There is no real question but that the purpose of the decedent and Louise D'Albani in going to Kentucky and marrying was to evade the Illinois law. There is evidence that they intended moving later to Minnesota, but it is indefinite, and their removal was entirely contingent. When married they gave their residence as Illinois, they were under oath, they were in Kentucky not more than four or five days, and they returned to Illinois to live and lived there until the decedent's death in December, 1924.

The result, following the Illinois law, is that Louise D'Albani is not the widow of the deceased and cannot take as beneficiary under the federal liability act.

3. A child was born to the decedent and Louise D'Albani while they lived together as husband and wife, on August 9, 1923. The child is the only issue. The Illinois statute provides that when persons have attempted to be joined in marriage, a ceremony has been performed, and is followed by cohabitation, the issue is legitimate. Smith-Hurd Ill. Rev. St. 1923, c. 89, § 17a. The status of the child, by virtue of the statute cited, is that of a legitimate, he is a child within the meaning of the liability act, and he is the sole beneficiary. *Page 321

4. The case was submitted to the jury under instructions that Louise D'Albani and the child were beneficiaries.

The death of D'Albani was instantaneous. The award must be based on money loss to beneficiaries. Norfolk W. Ry. Co. v. Holbrook, 235 U.S. 625, 35 Sup. Ct. 143, 59 L. ed. 392; N. Car. R. Co. v. Zachary, 232 U.S. 248, 34 Sup. Ct. 305, 58 L. ed. 591, Ann. Cas. 1914C, 159; Gulf, C. S.F. Ry. Co. v. McGinnis,228 U.S. 173, 33 Sup. Ct. 426, 57 L. ed. 785; Mich. Cent. R. Co. v. Vreeland, 227 U.S. 59, 33 Sup. Ct. 192, 57 L. ed. 417, Ann. Cas. 1914C, 176. A beneficiary is awarded a sum which measures his loss. The infant son is not entitled to the whole award of $8,250 because it is now found that Louise D'Albani cannot participate in it. Nor can it be said that the award of $3,250 was found by the jury to measure his loss under the facts now held controlling. The jury assessed damages on the theory that there was a widow beneficiary, and not upon the theory that the child was the sole beneficiary. Louise D'Albani being eliminated as a beneficiary, the plaintiff is entitled to the judgment of the jury upon the amount of damages sustained by the child as sole beneficiary.

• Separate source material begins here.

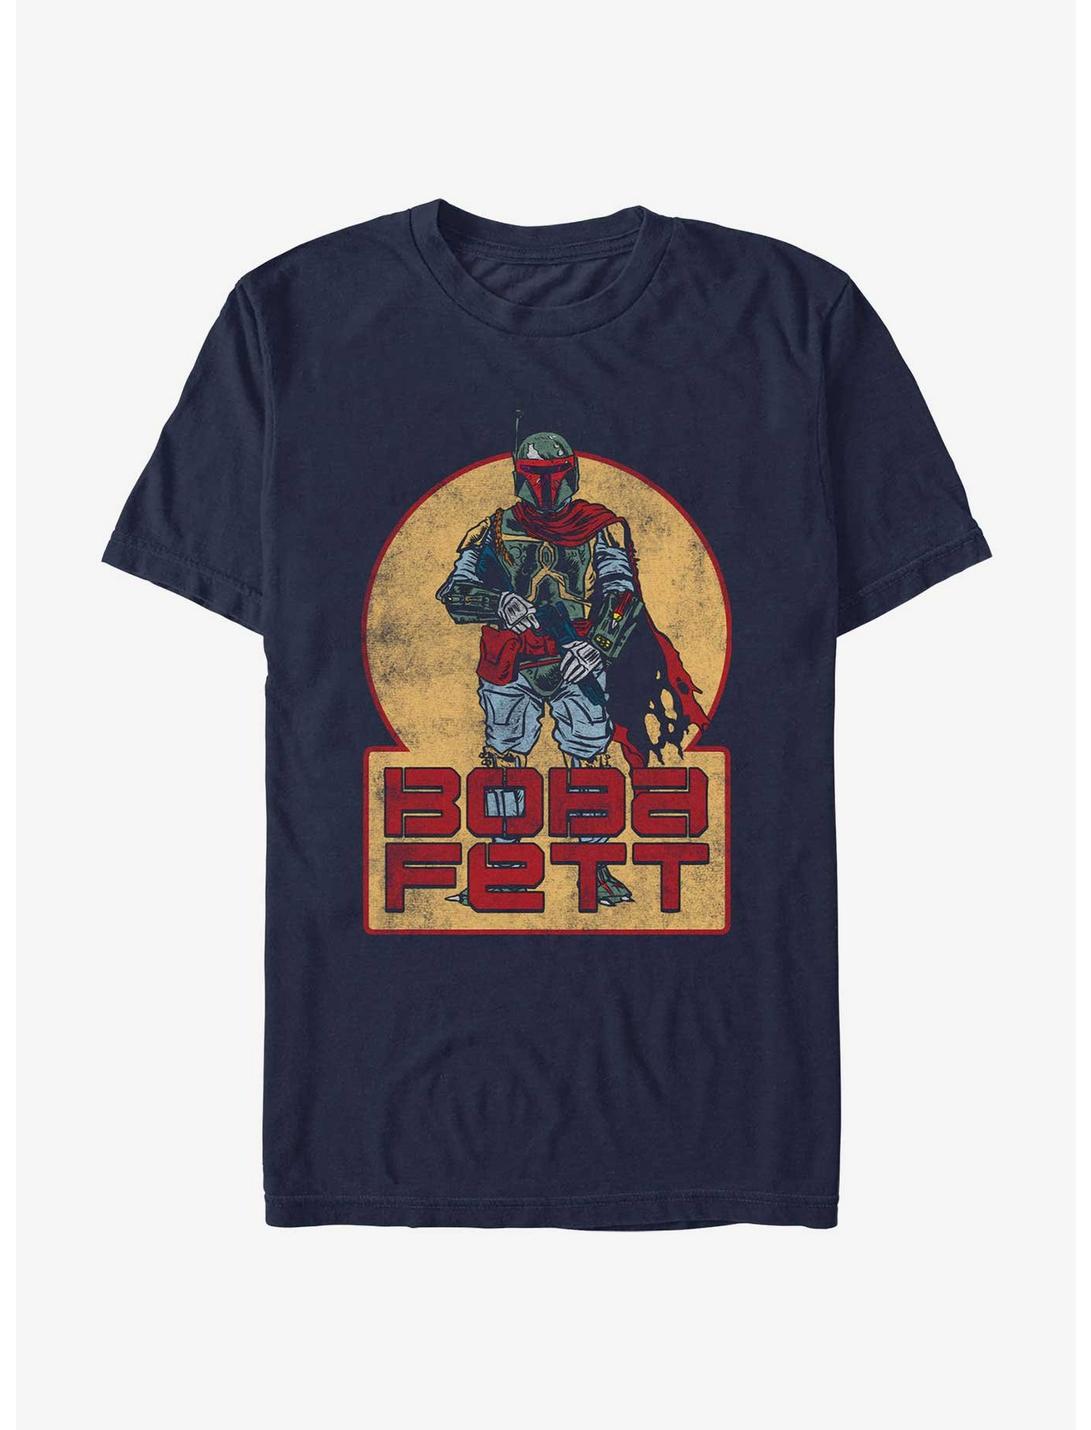 Star Wars Boba Fett Vintage T-Shirt, NAVY, hi-res

This amount is not necessarily the same as if Louise D'Albani were also a beneficiary.

The court was right in holding that Louise D'Albani was not entitled to participate in the award and was right in holding that the infant child was the sole beneficiary. There was error in holding that the award of $3,250 made to the child was as a matter of law the proper award when it was ascertained that Louise D'Albani could not participate.

The amount of the verdict may suggest that the jury found that the decedent was contributorily negligent and so adopted the doctrine of comparative negligence applicable in such cases. The plaintiff claims that there was error in excluding evidence bearing upon contributory negligence. The question may not be a live one upon another trial and we do not consider it.